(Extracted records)

★ ★ ★ ★ ★ ★ ★

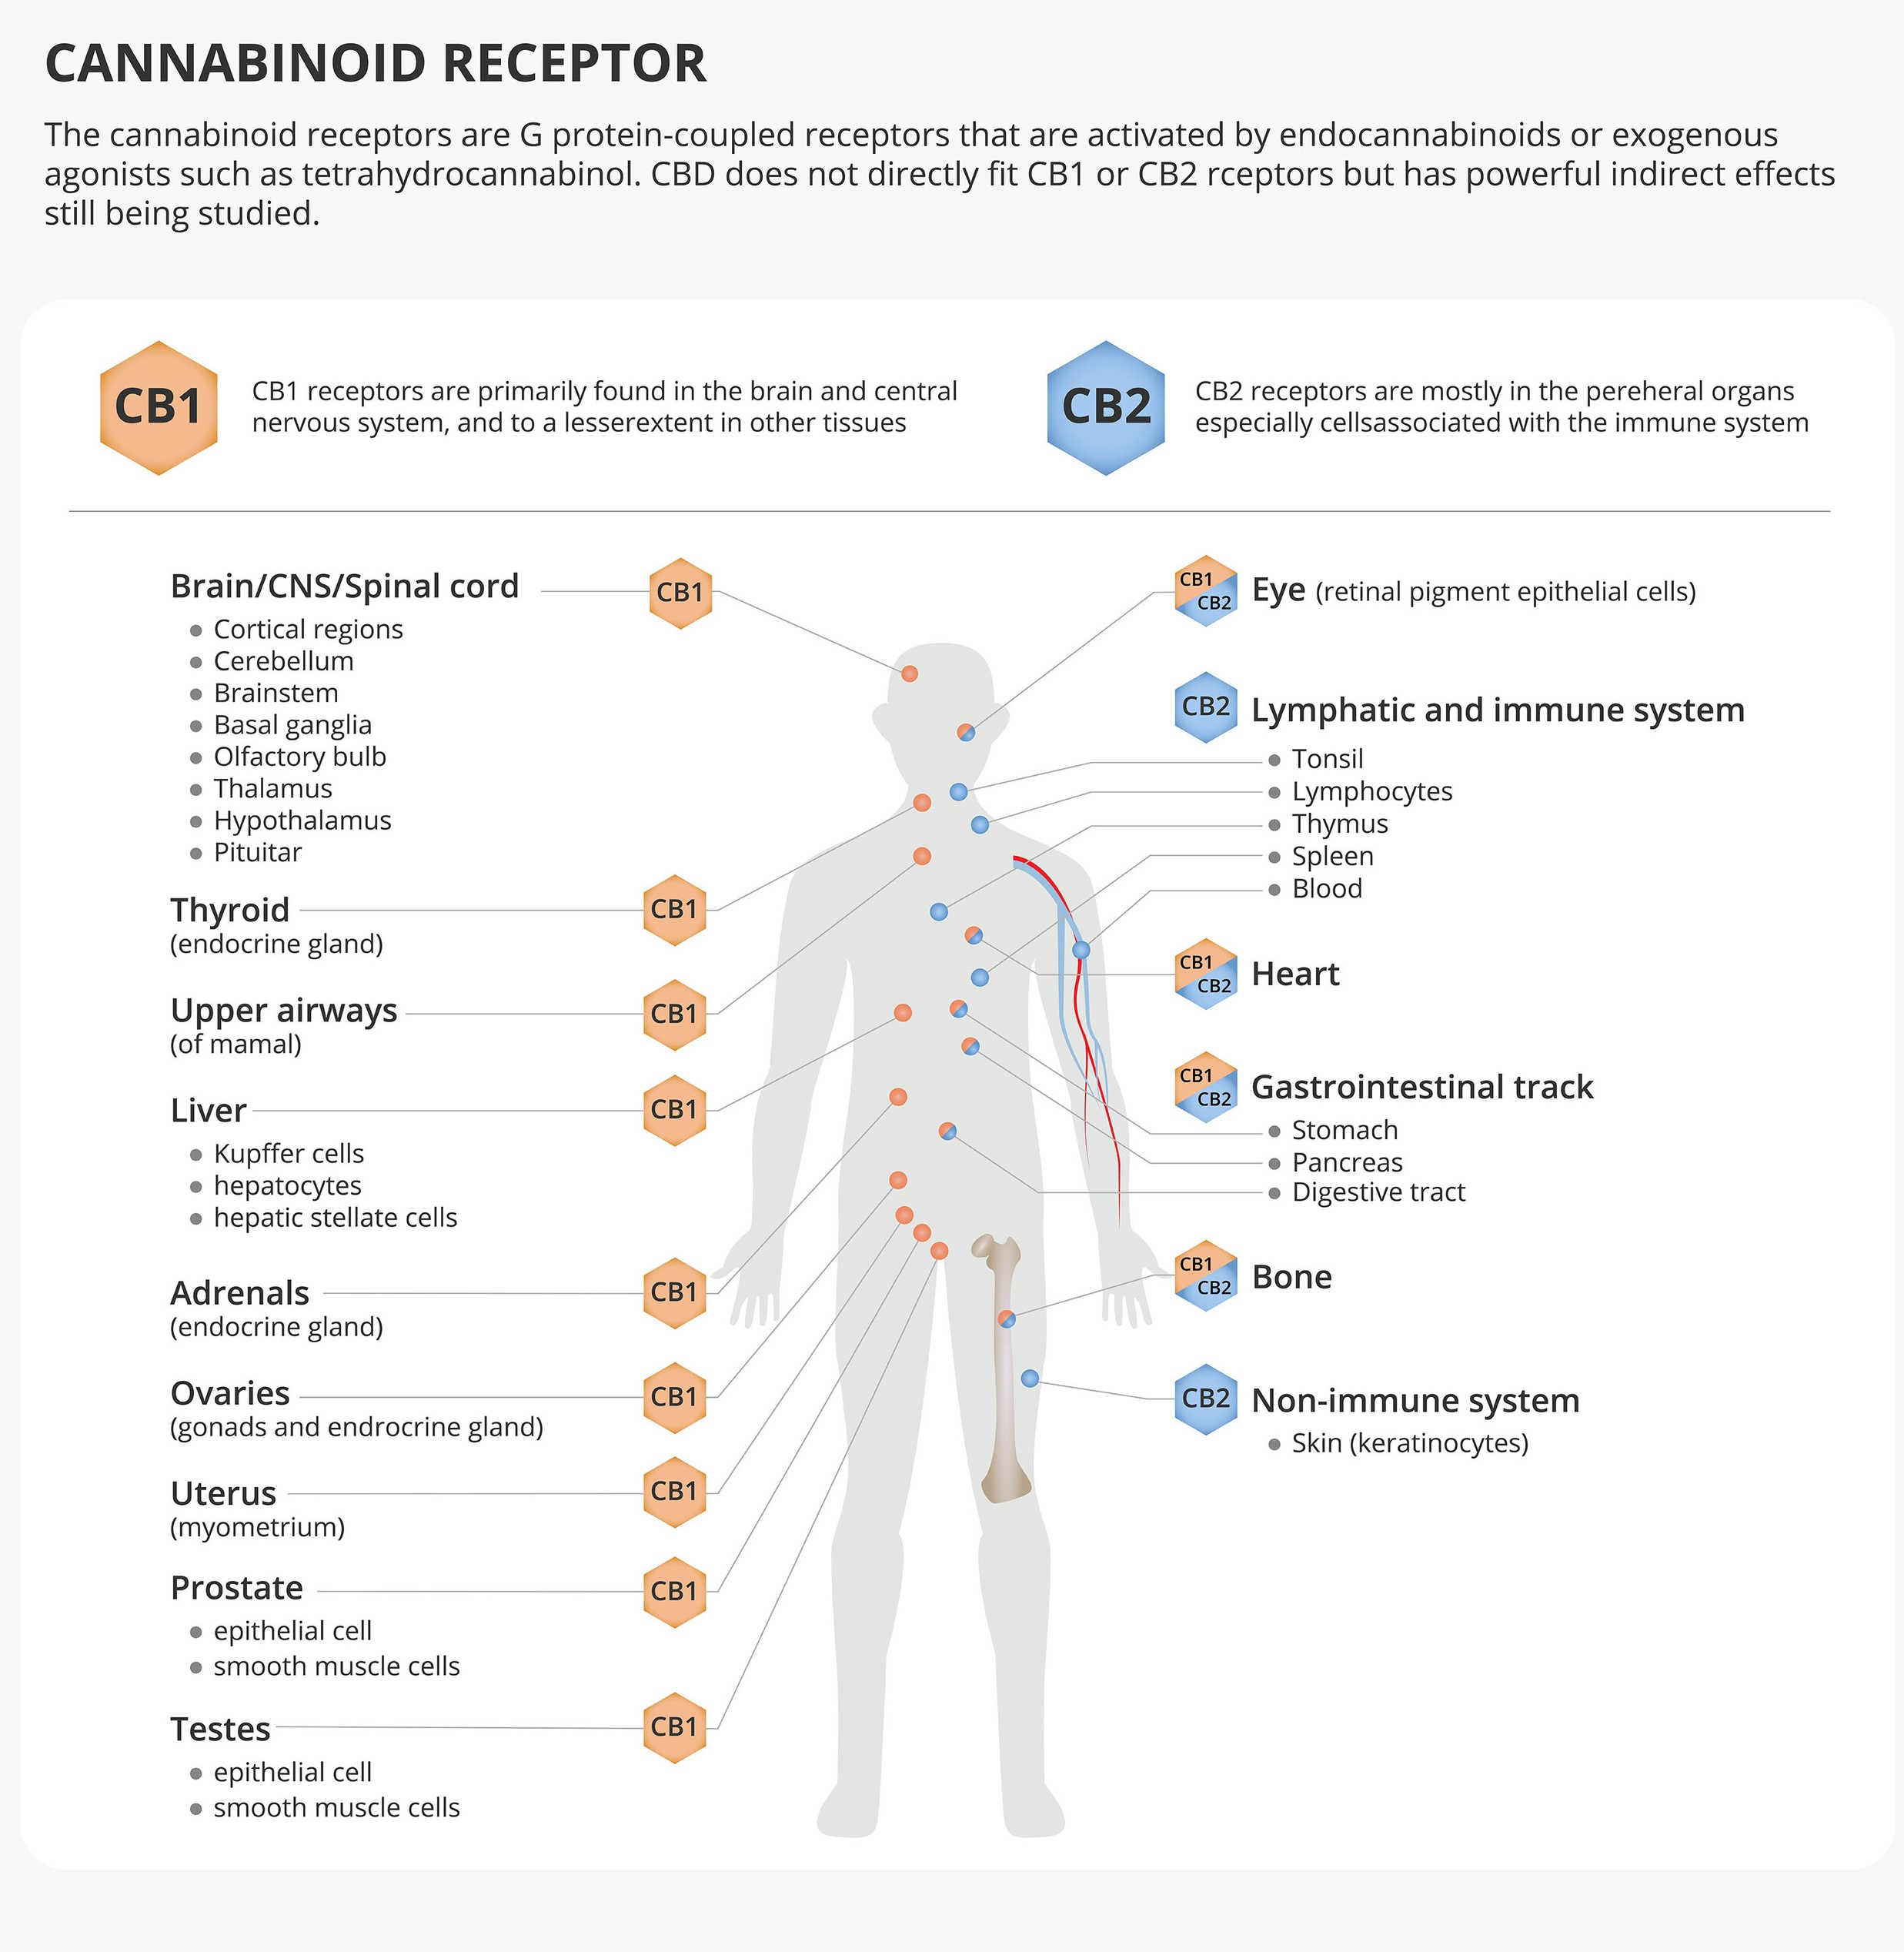 A chart showing where the cannabinoid receptors are in the human body
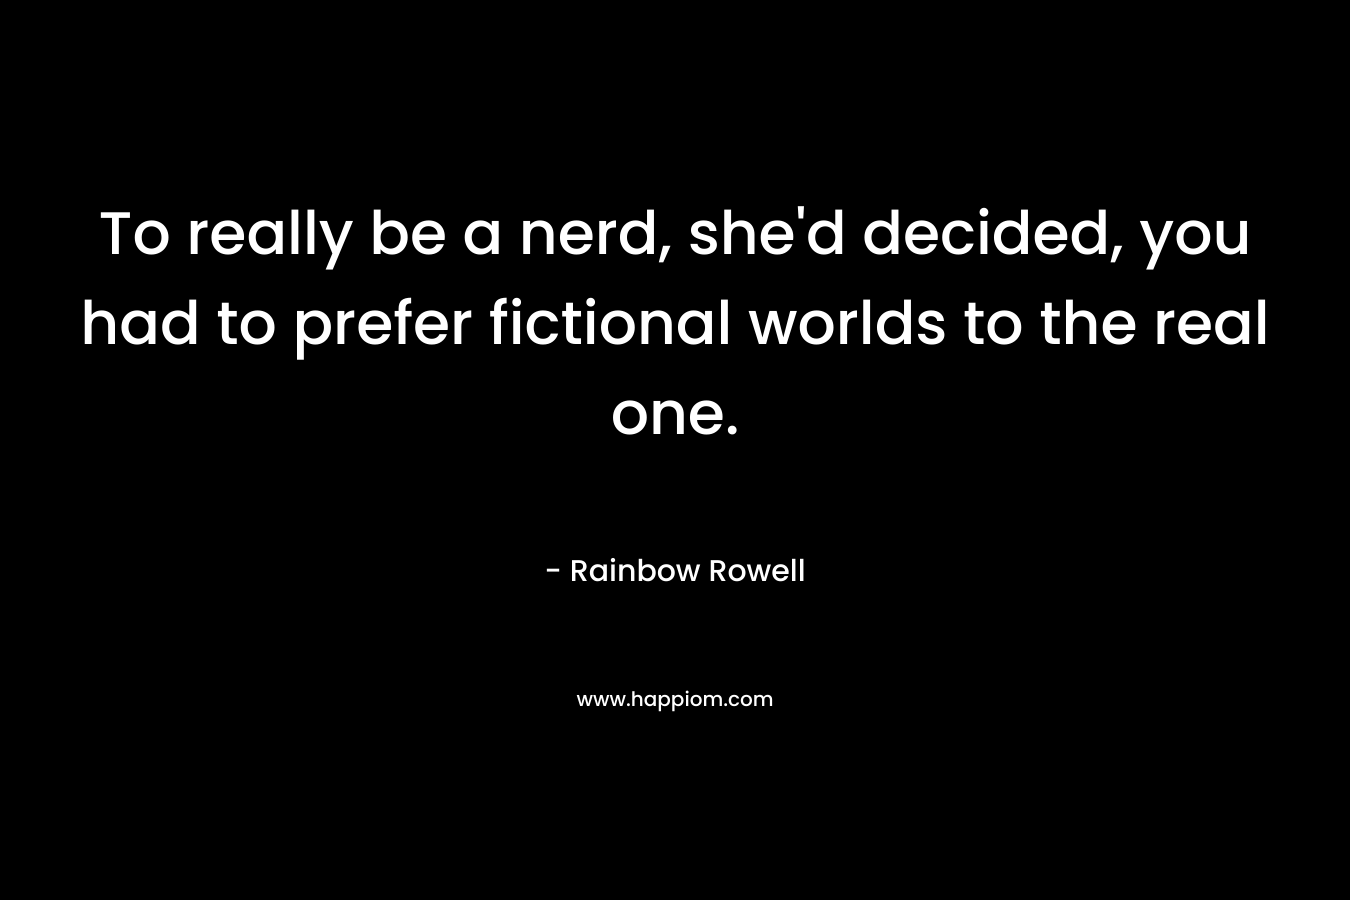 To really be a nerd, she’d decided, you had to prefer fictional worlds to the real one. – Rainbow Rowell
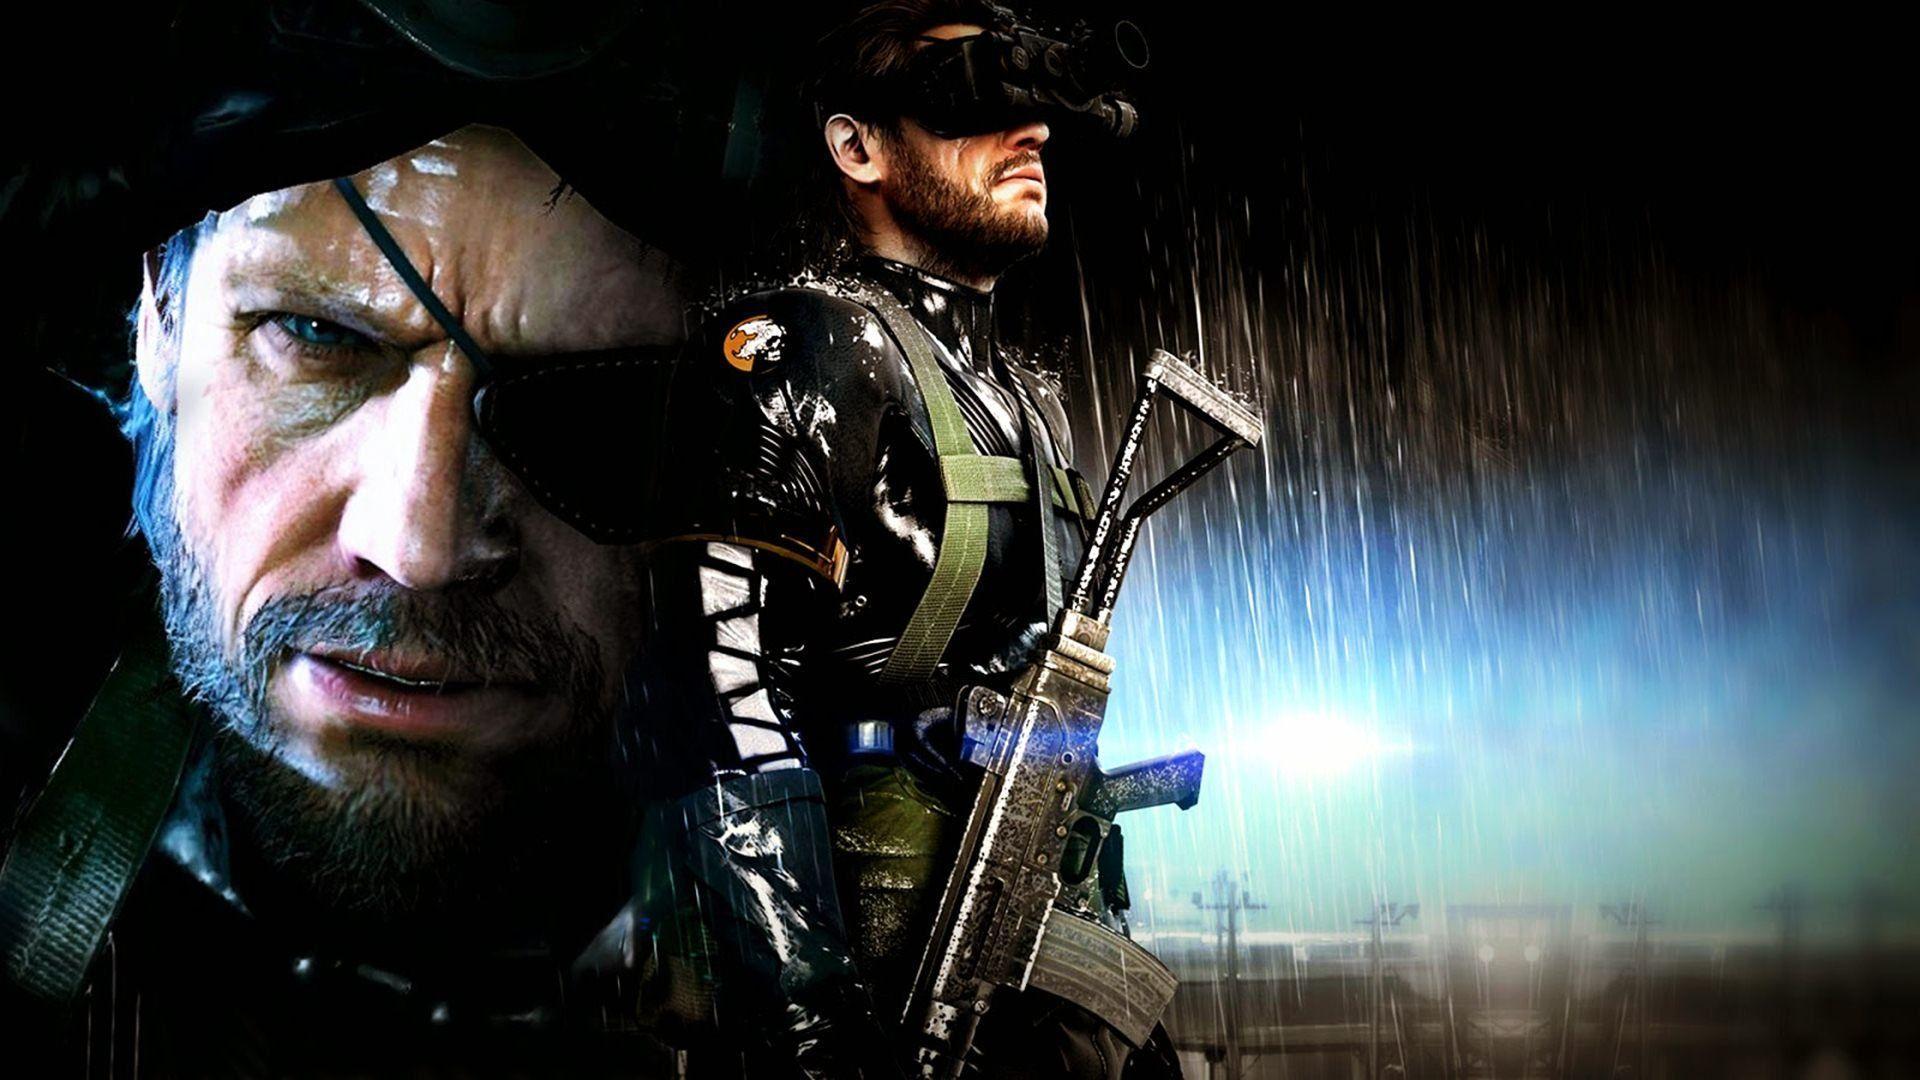 METAL GEAR SOLID Phantom Pain shooter action adventure stealth 3
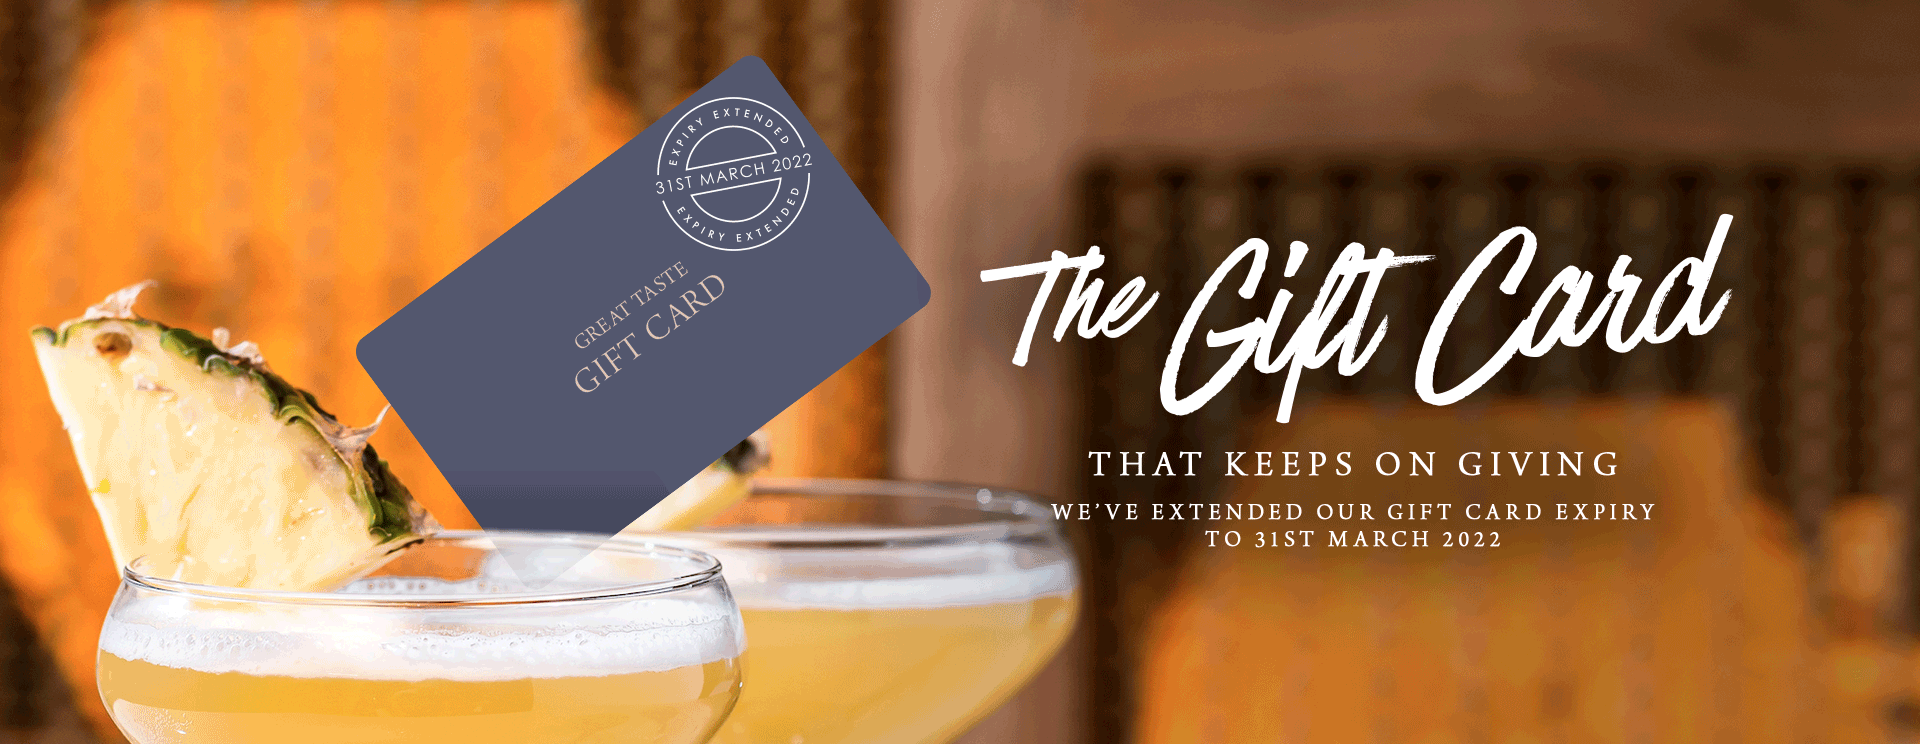 Give the gift of a gift card at The Horse & Groom
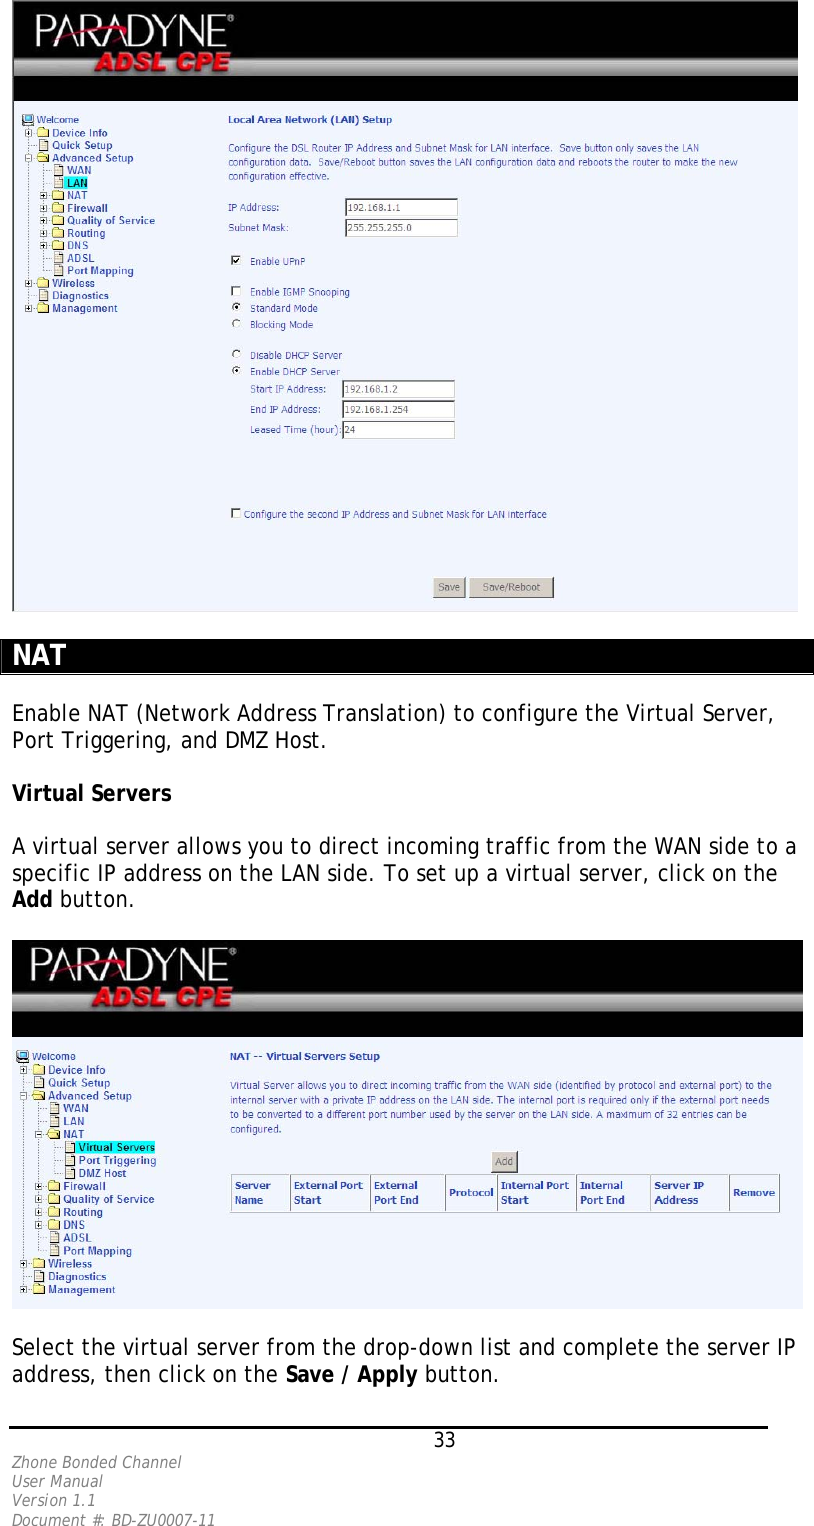   NAT   Enable NAT (Network Address Translation) to configure the Virtual Server, Port Triggering, and DMZ Host.  Virtual Servers  A virtual server allows you to direct incoming traffic from the WAN side to a specific IP address on the LAN side. To set up a virtual server, click on the Add button.      Select the virtual server from the drop-down list and complete the server IP address, then click on the Save / Apply button.   33 Zhone Bonded Channel User Manual  Version 1.1 Document #: BD-ZU0007-11

★ ★ ★ ★ ★ ★ ★

→ Problem to solve
Write out exactly the lines above, from the very first through the line containing "Give the gift", both kept, with the pictures removed.

→ Reply to the exercise
 A chart showing where the cannabinoid receptors are in the human body
 To really be a nerd, she’d decided, you had to prefer fictional worlds to the real one. – Rainbow Rowell
 METAL GEAR SOLID Phantom Pain shooter action adventure stealth 3
 Give the gift of a gift card at The Horse & Groom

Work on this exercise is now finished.